The decision to lift the chip export ban is a clear financial win for U.S. chipmakers like Nvidia and AMD. But giving China easier access to critical hardware could also cost America its competitive edge in the AI industry. 

Regardless, Sacks called the move “pragmatic,” arguing that while “we’re not selling our latest greatest chips to China, we can deprive Huawei of having this giant market share.” Indeed, Commerce Secretary Howard Lutnick told CNBC that China is only getting Nvidia’s “fourth best chip,” and that it is not as good as the chips American companies are using. “The Chinese are more than capable of building their own,” he said. “You want to keep one step ahead of what they can build, so they keep buying our chips.”

Behind the scenes, Lutnick reportedly wove the chip‑export reversal into broader negotiations involving access to rare‑earth metals, easing restrictions in return for China’s commitment to resume shipments of minerals essential to U.S. manufacturing. 

For Nvidia, CEO Jensen Huang dubbed the decision a “turning point,” pledging to “accelerate the recovery” of $4.5 billion in unsold inventory and rebuild ties with China-based customers. AMD chimed in with its own good news that MI308 license applications are progressing, restoring competition in a market that had gone cold. 

Not everyone shares the optimism, though. Critics like Rep. John Moolenaar warn that reopening access to Nvidia chips could “strengthen China’s military capabilities, suppress citizens and threaten U.S. innovation.” Even so, many executives see the policy shift as a way to free up capital for next‑generation architectures, with America still at the top. 

“America remains ahead, but its margin of safety now depends less on simple chip counts and more on sustaining leadership in software tooling, foundational research and next-generation silicon,” Dawani said. If the U.S. sticks to “coherent” export rules — restricting only truly frontier GPUs while allowing mid-tier parts — the country will likely maintain its advantage, he said. But if policies falter, or China’s efficiency gains outpace U.S. innovation, America’s lead could shrink fast. 

Ultimately, the real test will be whether U.S. firms can leverage renewed China sales to fund breakthroughs beyond today’s green‑zone GPUs. In that sense, the chip ban reversal isn’t just a business decision — it’s a strategic chess move that bets on America’s ability to sustain long‑term leadership in the global AI race.

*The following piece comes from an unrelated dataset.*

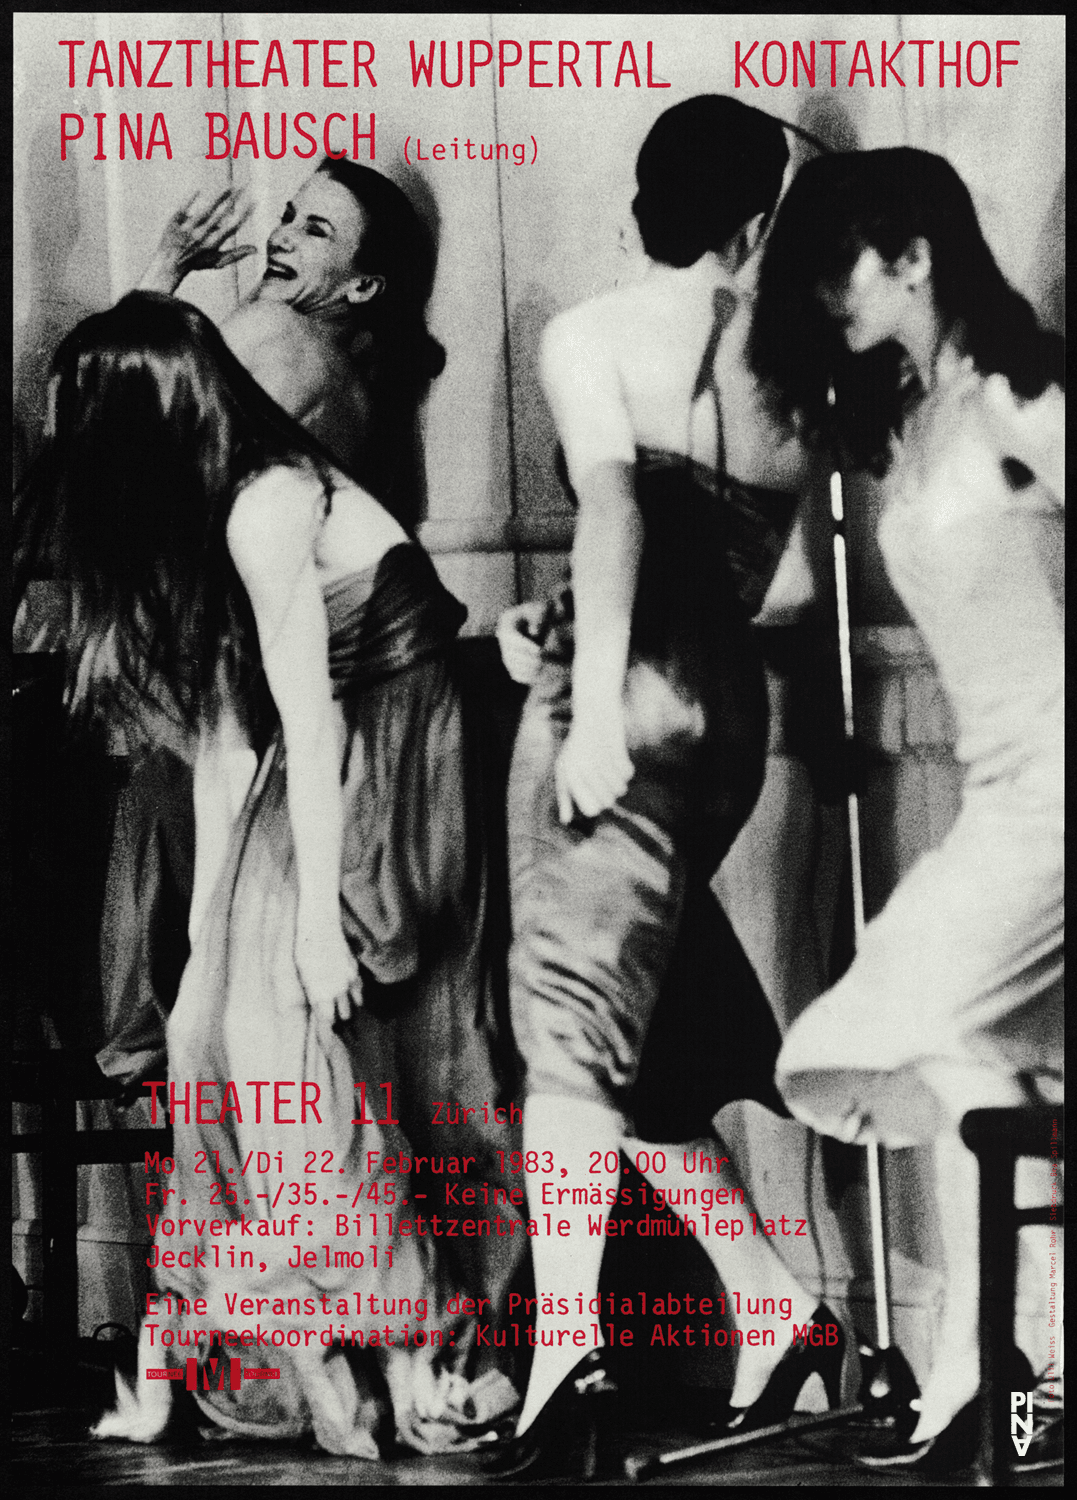 Poster for “Kontakthof” by Pina Bausch in Zurich, 02/21/1983 – 02/25/1983

Frequently Asked Questions

The United States government prevents Nvidia from selling some of its more advanced AI chips in order to prevent the Chinese military and surveillance agencies from accessing cutting-edge processing power. These restrictions were initially imposed in 2022 by President Joe Biden and were then expanded by President Donald Trump in 2025. Trump has since reversed some of the restrictions.

 

As of July 2025, Nvidia can sell its H20 inference chip, as well as its RTX PRO series, to China. AMD can also sell its MI308 chip.

 

When approached for comment, Nvidia referred Built In to its official blog post. The White House directed Built In to Commerce Secretary Howard Lutnick’s interview with CNBC. Ellen Glover contributed reporting for this story.